The metal industry is known for being highly intensive, both in terms of energy and material consumption, resulting in a large amount of residual energy and solid waste, such as steel slag. This situation poses significant challenges in terms of sustainability and efficiency.
Hence, in response to this problem, several heat recovery and material reuse technologies have been proposed to transform this sector towards a more sustainable and economically viable model.
One of these technologies is proposed by the European project LIFE Heat It Yourself For Sustainability (LIFE HI4S), which uses a digital twin to optimize and scale the technology ad hoc. Thanks to the work done so far, using Eurostat electricity price data (0.2525 €/kWh), we can consider that, thanks to this modeling work and a first approach towards the optimization of the operation of the plant, we have been able to quantify savings of over 200,000 € by processing only 1-2% of the exhaust gases; being, in addition, recovered about 1,000 MWh of thermal energy and producing about 20 MWh of net electricity.
The metal industry contributes significantly to global greenhouse gas emissions. For example, in the year 2020, approximately 7% of emissions and 11% of carbon dioxide (CO2), 3.6 gigatons (36 followed by 11 zeros), belong to this industry. Moreover, these numbers, far from decreasing, continue to increase year after year, driven by the growing global demand for steel.
It is important to note that the steelmaking process is not efficient in terms of CO2 and energy emissions per ton of steel produced. In fact, it is estimated that 1.91 tCO2/tsteel is emitted and 21.31 GJ/tsteel is consumed on average. This energy consumed represents between 20 and 40% of the total price of the steel produced, so improvements in efficiency would have a significant impact on the cost of the final product.
The European LIFE HI4S project
The LIFE HI4S project addresses this situation by developing a technology for the treatment, recovery and reuse of the residual energy from this industrial process. This recovered energy is used in the preheating of the scrap used as raw material, and in the production of electricity by means of an Organic Rankine Cycle (ORC). In addition, these elements are complemented by a thermal energy storage (TES) based on packed bed technology, using treated metallic slag for heat storage, which copes with the intermittency of the energy source, functioning as a buffer and low-cost storage.
CIC energiGUNE is the coordinator of this European project, contributing also in several partial technical objectives. On the one hand, the systems engineering and technology transfer group contributes its extensive experience with thermal storage and heat transfer for the design of the pilot plant to be installed at Arcelor Mittal in Sestao (Vizcaya, Spain).
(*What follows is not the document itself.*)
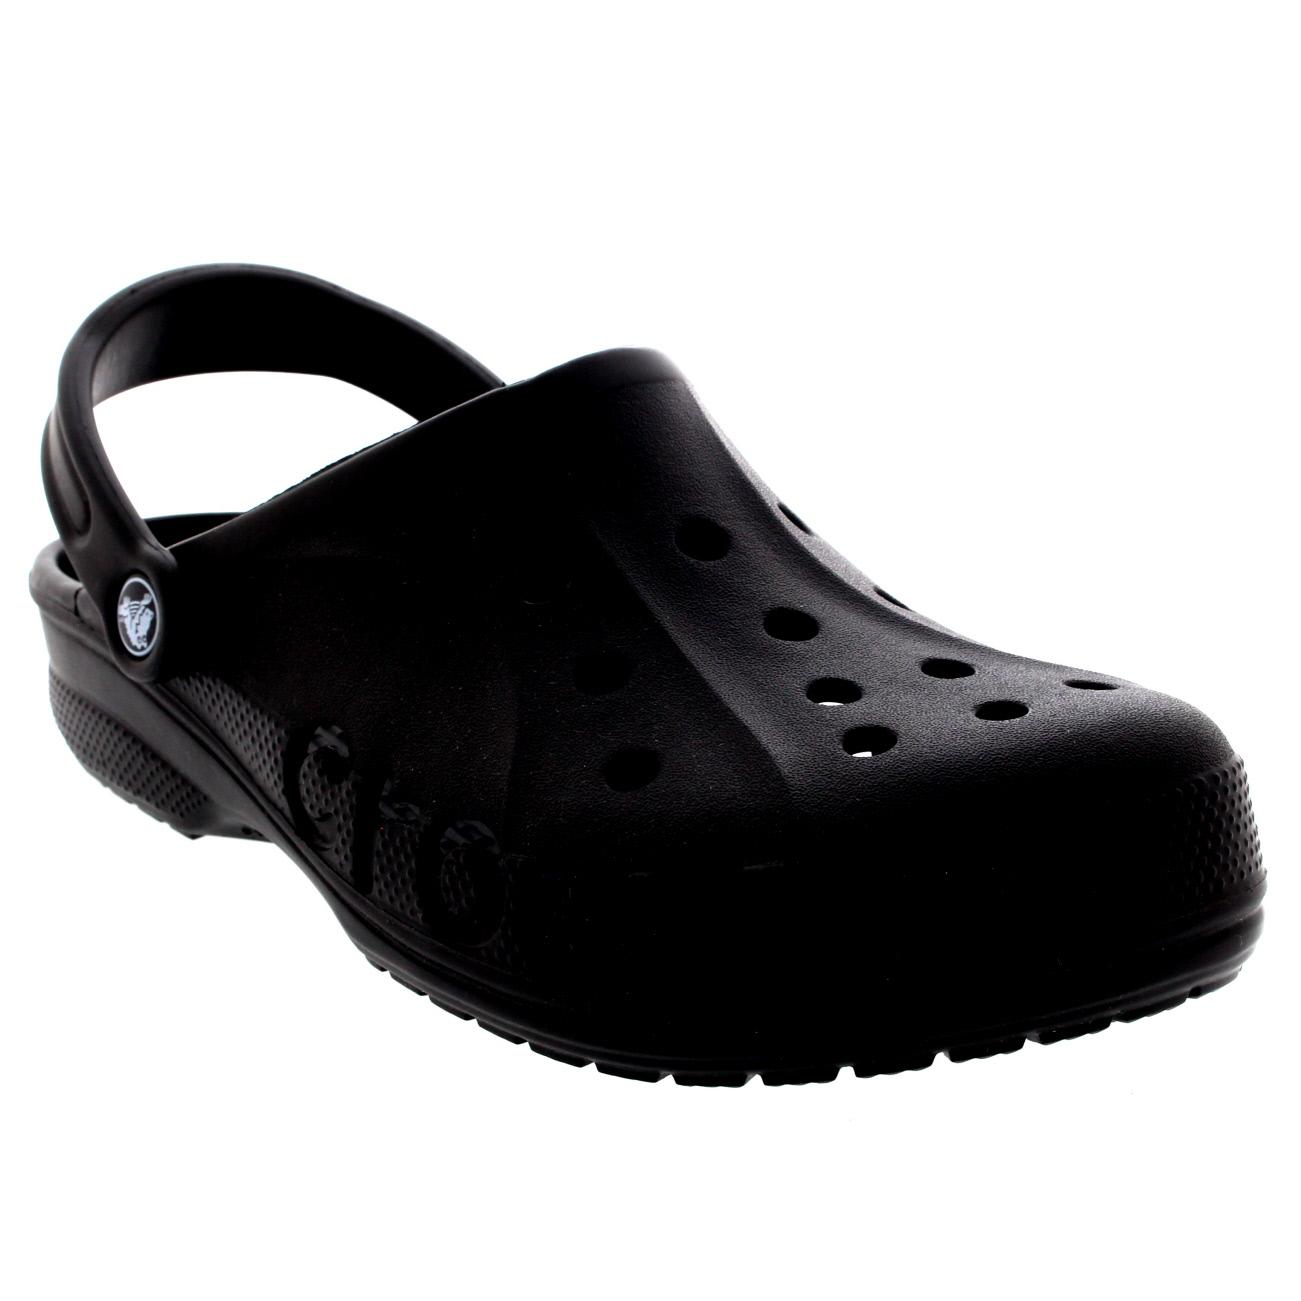 Unisex Adults Crocs Baya

In addition, the team is in charge of the sizing and design of the preheating system and characterization of the TES.
On the other hand, CIC energiGUNE is in charge of the digital modeling of the complete system through the TRNSYS software; a software that allows modeling, in an efficient way, the dynamic behavior of the plant, making possible the dimensioning of the components at industrial scale and optimizing the control.